If you are looking for some of the most influential research papers that revolutionised the way how we gather, aggregate, analyze and store increasing volumes of data in a short span of 10 years, you are in the right place! These papers were shortlisted, based on recommendations by big data enthusiasts and experts around the globe from various social media channels. In case we’ve missed out any important paper, please let us know.
This paper presents MapReduce, a programming model and its implementation for large-scale distributed clusters. The main idea is to have a general execution model for codes that need to process a large amount of data over hundreds of machines.
It presents Google File System, a scalable distributed file system for large distributed data-intensive applications, which provides fault tolerance while running on inexpensive commodity hardware, and it delivers high aggregate performance to a large number of clients.
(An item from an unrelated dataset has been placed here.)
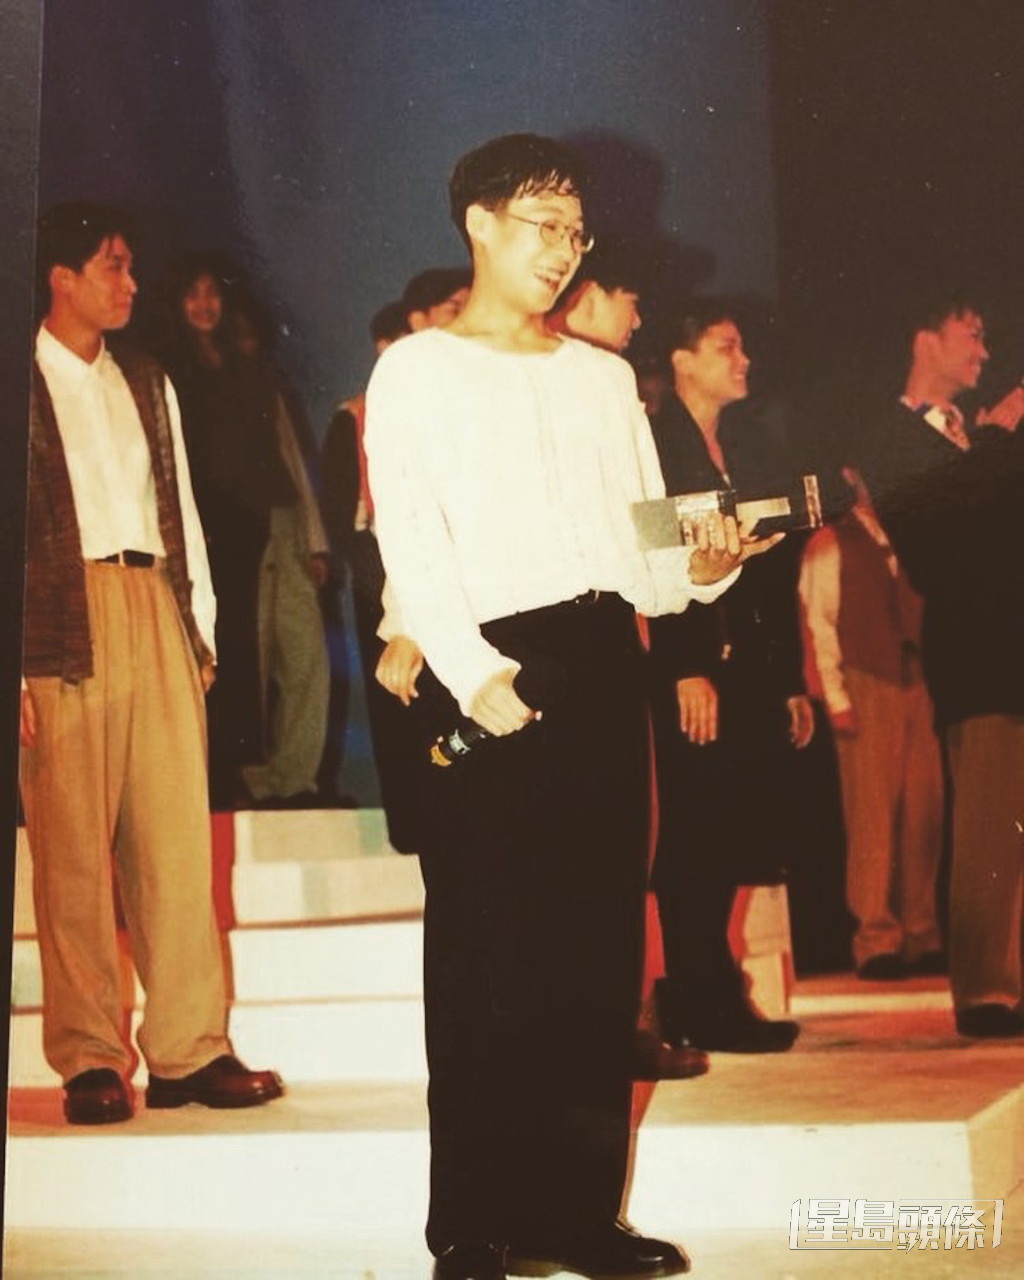 1994年，丁文俊贏得由加拿大溫哥華新時代電視主辦的首屆《新秀歌唱大賽溫哥華選拔賽》的冠軍。

Chubby is a distributed lock service; it does a lot of the hard parts of building distributed systems and provides its users with a familiar interface (writing files, taking a lock, file permissions). The paper describes it, focusing on the API rather than the implementation details.
This paper describes the design and initial implementation of Chukwa, a data collection system for monitoring and analyzing large distributed systems. Chukwa is built on top of Hadoop, an open source distributed filesystem and MapReduce implementation, and inherits Hadoop’s scalability and robustness.
Cassandra is a distributed storage system for managing very large amounts of structured data spread out across many commodity servers, while providing highly available service with no single point of failure.
There are two schools of thought regarding what technology to use for data analysis. Proponents of parallel databases argue that the strong emphasis on performance and efficiency of parallel databases makes them well-suited to perform such analysis. On the other hand, others argue that MapReduce-based systems are better suited due to their superior scalability, fault tolerance, and flexibility to handle unstructured data. This paper explores the feasibility of building a hybrid system.
This paper outlines the S4 architecture in detail, describes various applications, including real-life deployments, to show that the S4 design is surprisingly flexible and lends itself to run in large clusters built with commodity hardware.
This paper describes the architecture and implementation of Dremel, a scalable, interactive ad-hoc query system for analysis of read-only nested data, and explains how it complements MapReduce-based computing.
Percolator is a system for incrementally processing updates to a large data set, and deployed it to create the Google web search index. This indexing system based on incremental processing replaced Google’s batch-based indexing system.
It explains about Spanner, Google’s scalable, multi-version, globally-distributed, and synchronously-replicated database. It is the first system to distribute data at global scale and sup-port externally-consistent distributed transactions.
Shark is a research data analysis system built on a novel coarse-grained distributed shared-memory abstraction. Shark marries query processing with deep data analysis, providing a unified system for easy data manipulation using SQL and pushing sophisticated analysis closer to data.
This paper summarizes twelve key lessons that machine learning researchers and practitioners have learned, which include pitfalls to avoid, important issues to focus on, and answers to common questions.
This paper describes a method of building a forest of uncorrelated trees using a CART like procedure, combined with randomized node optimization and bagging. In addition, it combines several ingredients, which form the basis of the modern practice of random forests.
The paper focuses on developing a general and exact technique for parallel programming of a large class of machine learning algorithms for multicore processors. The central idea is to allow a future programmer or user to speed up machine learning applications by “throwing more cores” at the problem rather than search for specialized optimizations.
This paper focuses on applications that reuse a working set of data across multiple parallel operations and proposes a new framework called Spark that supports these applications while retaining the scalability and fault tolerance of MapReduce.
This paper presents Twitter’s production logging infrastructure and its evolution from application-specific logging to a unified “client events” log format, where messages are captured in common, well-formatted, flexible Thrift messages.
F1 is a distributed relational database system built at Google to support the AdWords business. F1 is a hybrid database that combines high availability, the scalability of NoSQL systems like Bigtable, and the consistency and usability of traditional SQL databases.
This paper summarizes the insights of the Eighteenth Annual Roundtable on Information Technology, which sought to understand the implications of the emergence of “Big Data” and new techniques of inferential analysis.